Eventually someone will figure out that the OS needs to be able to adjust to the user and not vice versa(even linux still requires that you learn about it and not the other way round). Maybe the real issue is that computers are straight up logic and humans are stright up messed up.
 
Deadbot1_1973 said:
I am concerned with having the full functionality of my hardware and being able to play my favorite games...which happen to be designed for windows.

That's the bottom line, really. Sometimes when I think about high-level computing problems, I ask myself "Could my grandmother use and understand this?" Maybe it's a strange question, but so much of what we do is computing for computing's sake, and not computing to solve a real-world problem.

Deadbot1_1973 said:
Eventually someone will figure out that the OS needs to be able to adjust to the user and not vice versa(even linux still requires that you learn about it and not the other way round). Maybe the real issue is that computers are straight up logic and humans are stright up messed up.

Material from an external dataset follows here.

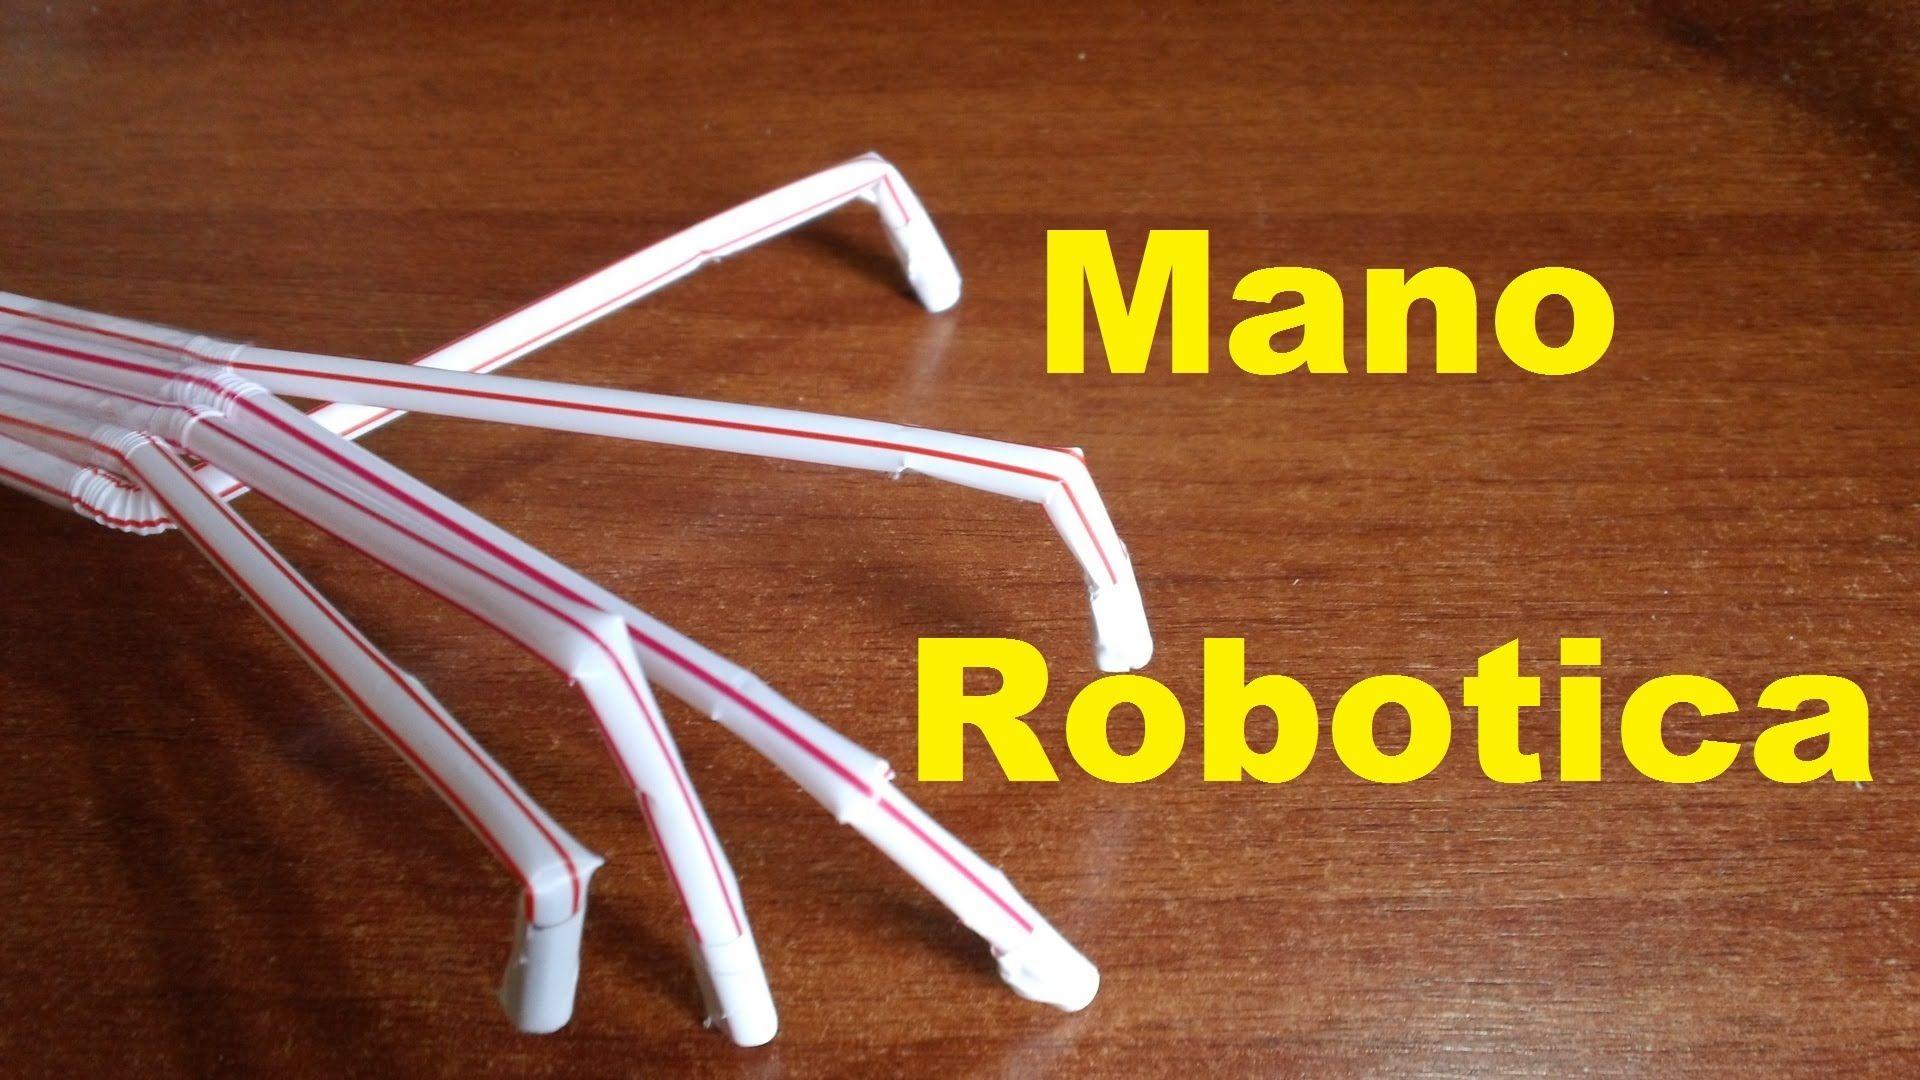 Como se hace una mano robotica casera paso a paso facil de hacer ...

:) That's a pretty good summary. But in the end, who designs the comptuer systems? We do. We control the hardware and the software, and we're not doing a particularly good job at either.
 
:) That's a pretty good summary. But in the end, who designs the comptuer systems? We do. We control the hardware and the software, and we're not doing a particularly good job at either.[/QUOTE]



I know the real answer to that...it comes down to one simple thing, money.

The build an OS and design a game so they wont go over budget.So what they do is make sure it will run even with flaws which everything has, sell it off to us and then once they have gained back some of the cash they spent they then use it to "fix" it.That way more people will buy it with the "fix" added to it and so forth and so on. The "fix" doesnt always work either because get cheap with the budget for the fix and the designers say "if your not going to pay me to do it right"...were rightback where we started.


My 2cents lol
 
InThrees said:
OSX is based in large part on the FreeBSD 5.0 kernel, I believe.

That is correct OSX is written on FreeBSD which is written on UNIX... Linux is also written on UNIX so there is some interoperability between OSX and Linux there.
 
Neur0mancer said:
That is correct OSX is written on FreeBSD which is written on UNIX... Linux is also written on UNIX so there is some interoperability between OSX and Linux there.

Linux was greatly inspired by MINIX (a small version of UnIX) but has NO code from the UNIX world. The interoperability part is the POSIX standard (and a bunch of otherrs).

FreeBSD came from BSD version 4.4, BSD in turn used to be a modification of the AT&T UNIX (System V), which in turned was shipped off (without any System V code) to fill in the missing pieces because AT&T didn't allow BSD to run on top of System V.

OS X runs on Darwin kernel is a derivative of Mach kernel (which somehow comes from Unix, I am not too sure) and FreeBSD (from the 4.x branch I believe). OS X uses XFree86 4.3 (rather old compared with Xorg 7.1) for it's graphics server.